▶ _Collected material_
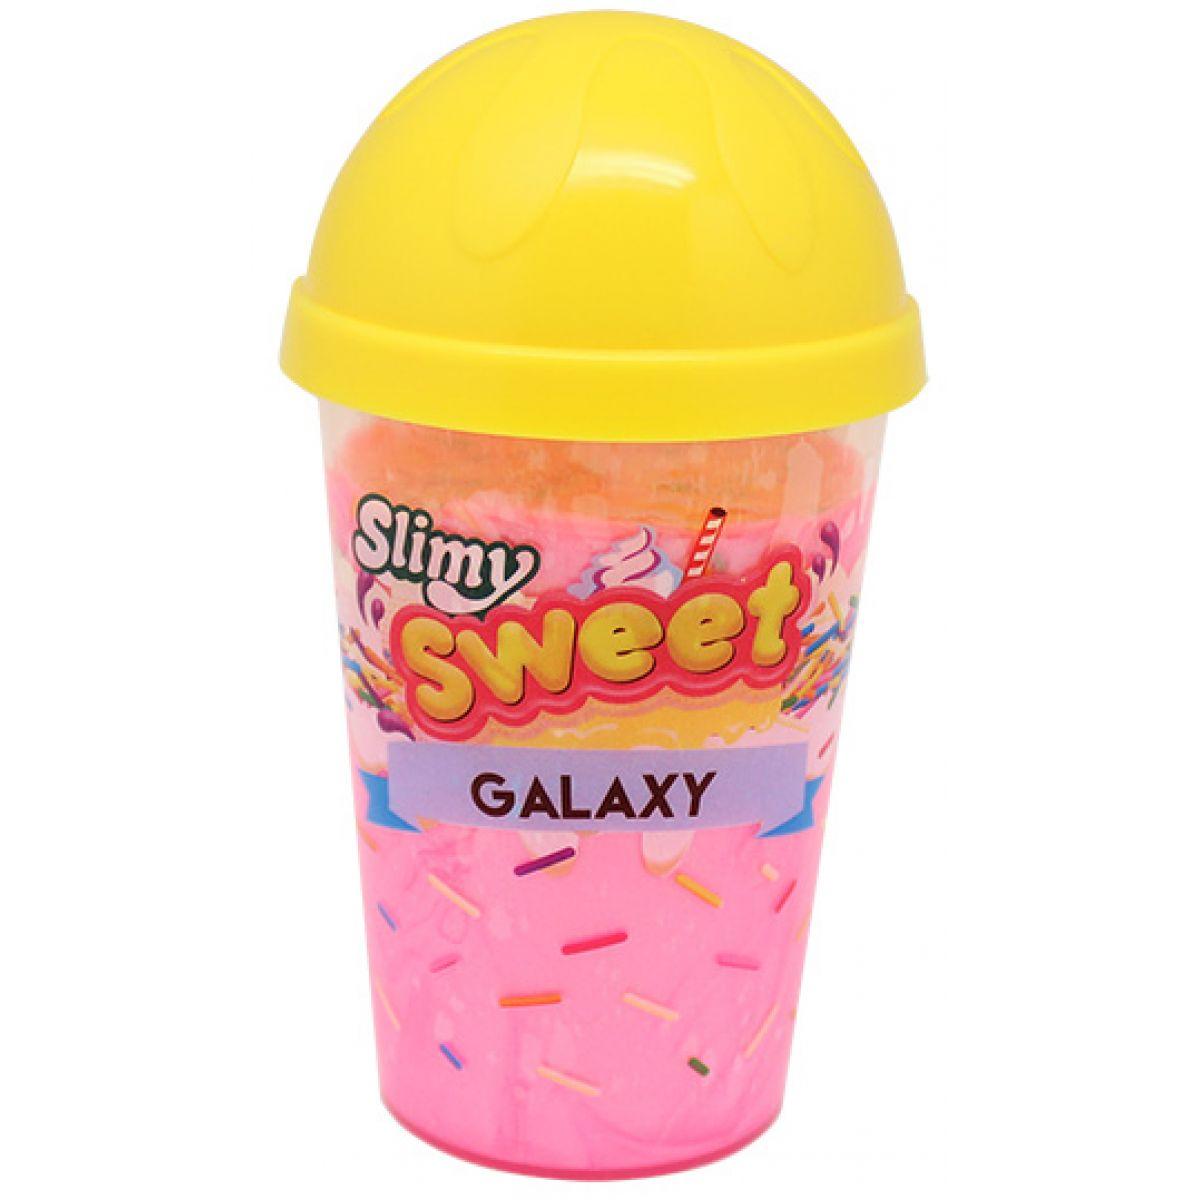 Slimy Swet Galaxy, 130 g
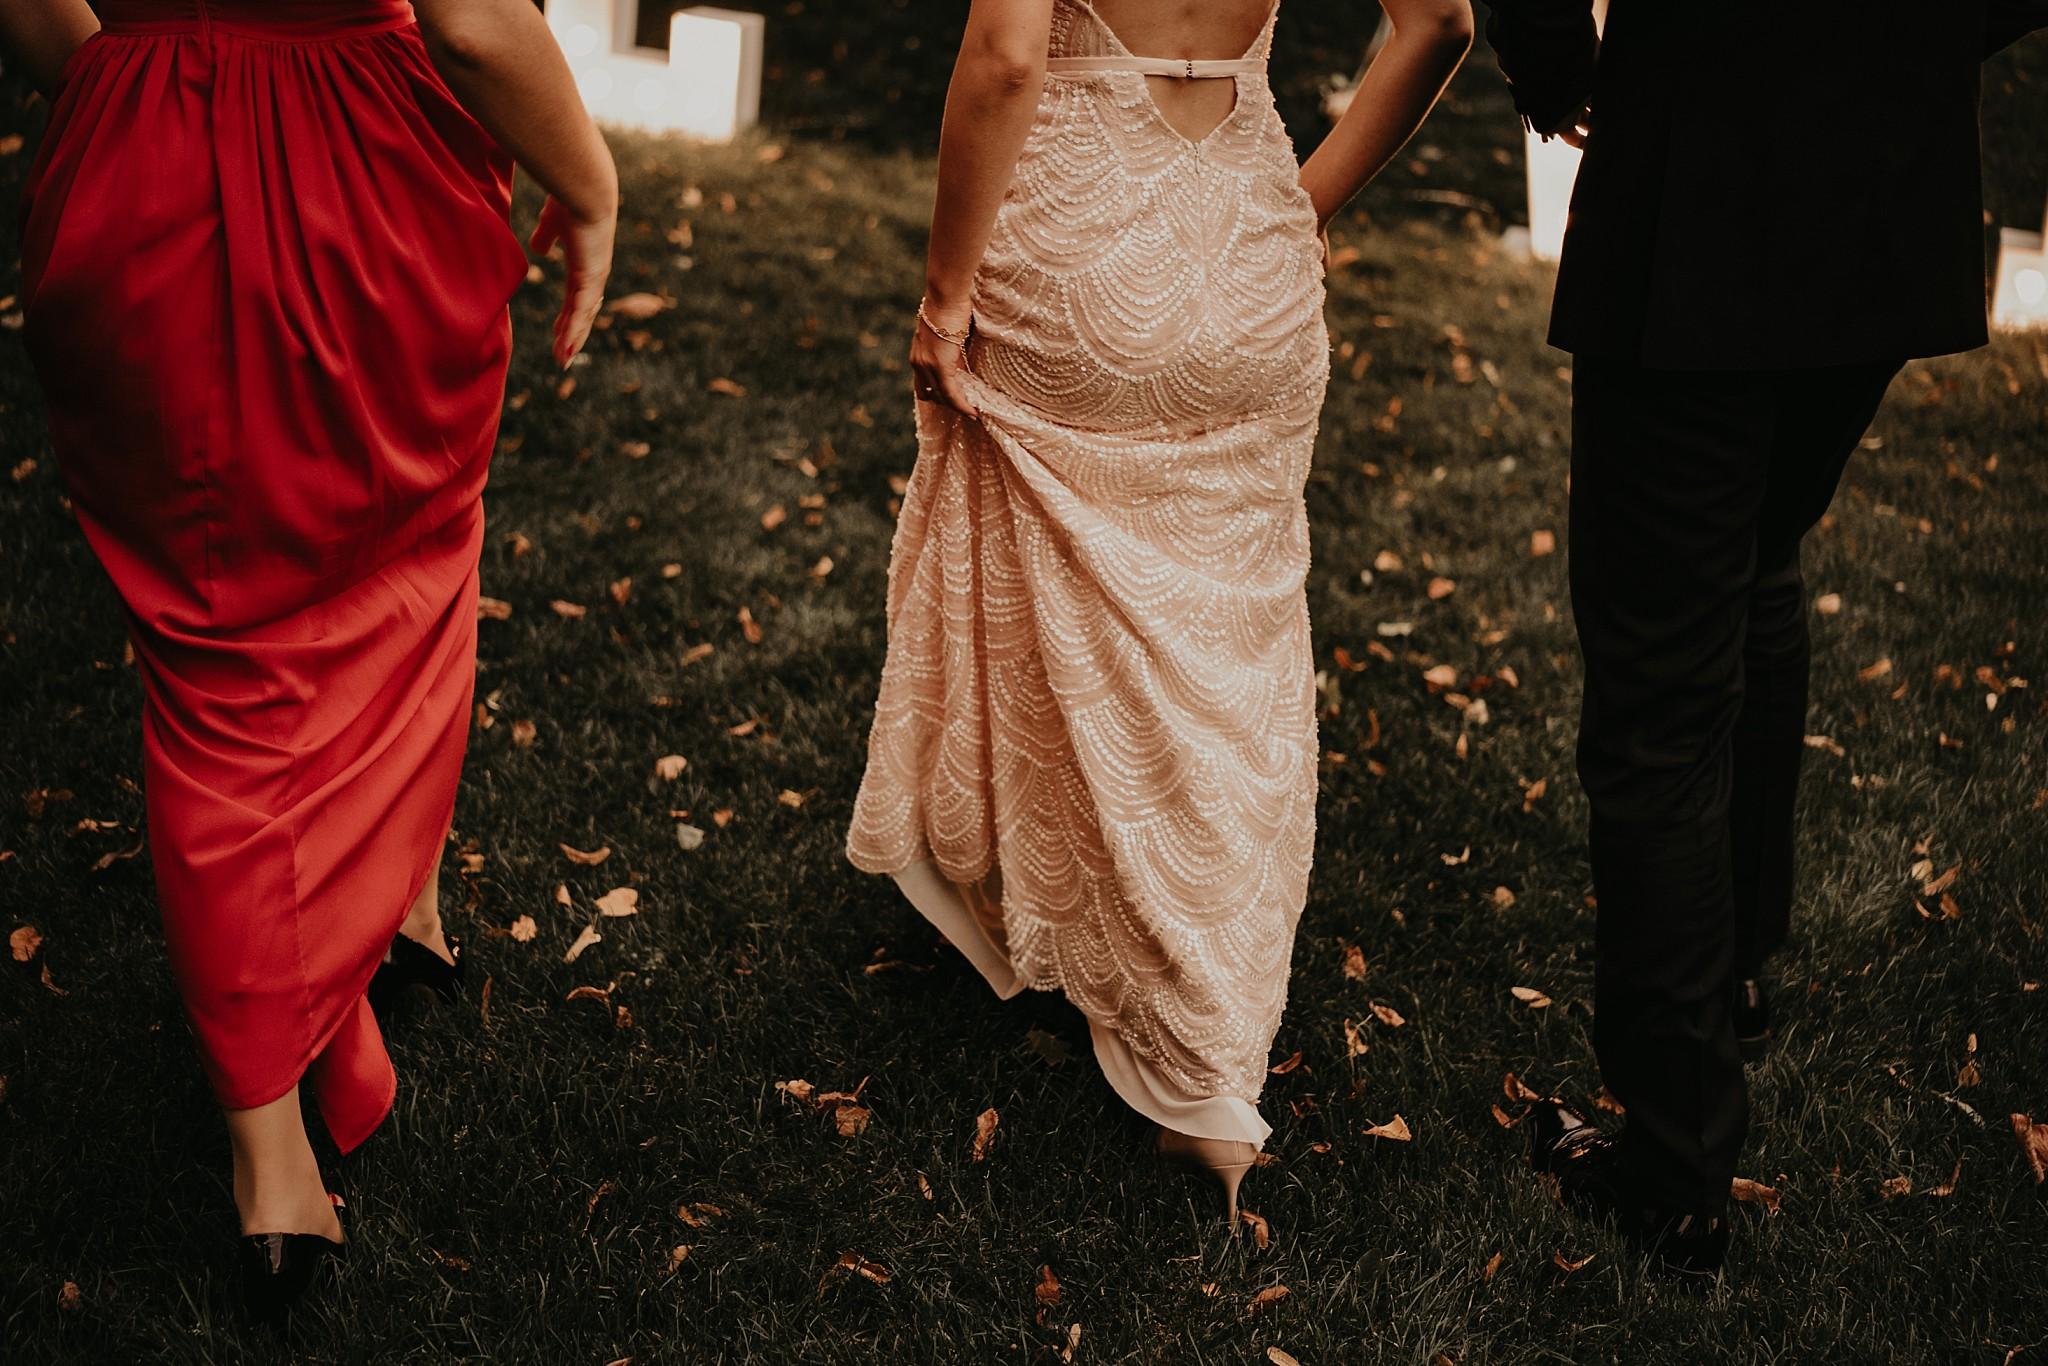 fotograf poznan wesele dobra truskawka piekne wesele pod poznaniem wesele w dobrej truskawce piekna para mloda slub marzen slub koronawirus slub listopad wesele koronawirus 330
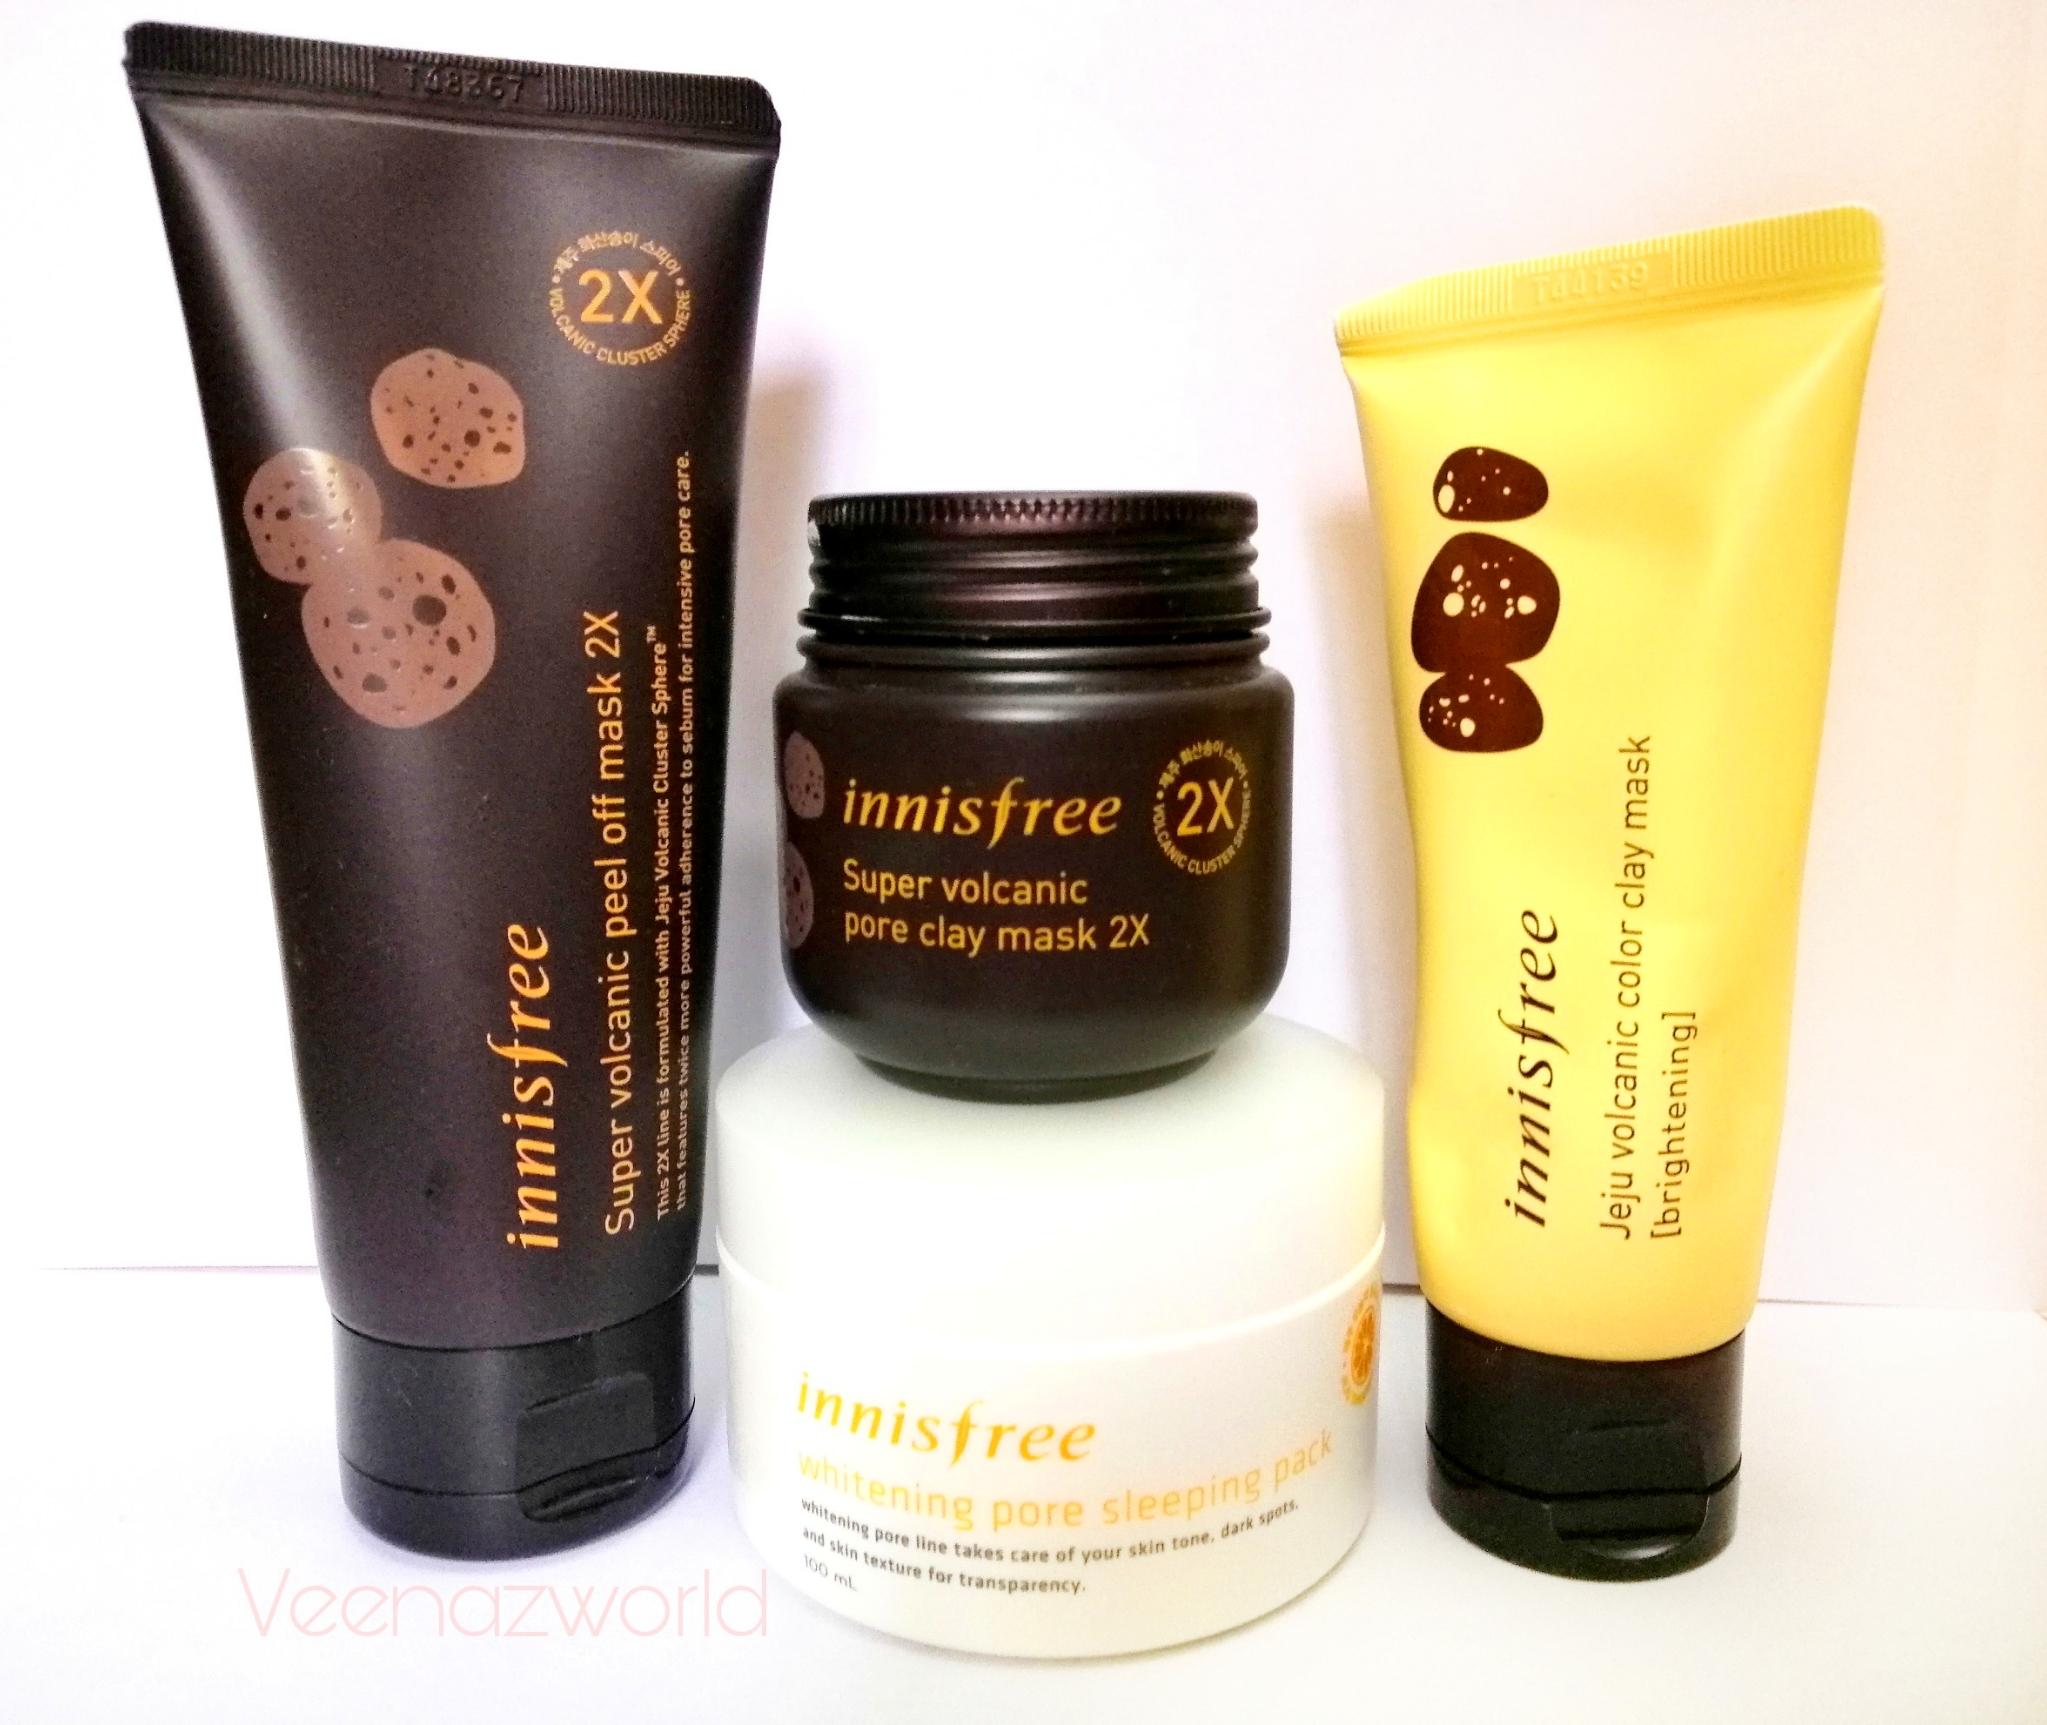 innisfreeworls, innisfree, masks, korean skincare, korean facemask

▶ _Work request_
What is needed is the data above, retyped exactly, with every picture left out.

▶ _Output of the exercise_
 Slimy Swet Galaxy, 130 g
 fotograf poznan wesele dobra truskawka piekne wesele pod poznaniem wesele w dobrej truskawce piekna para mloda slub marzen slub koronawirus slub listopad wesele koronawirus 330
 innisfreeworls, innisfree, masks, korean skincare, korean facemask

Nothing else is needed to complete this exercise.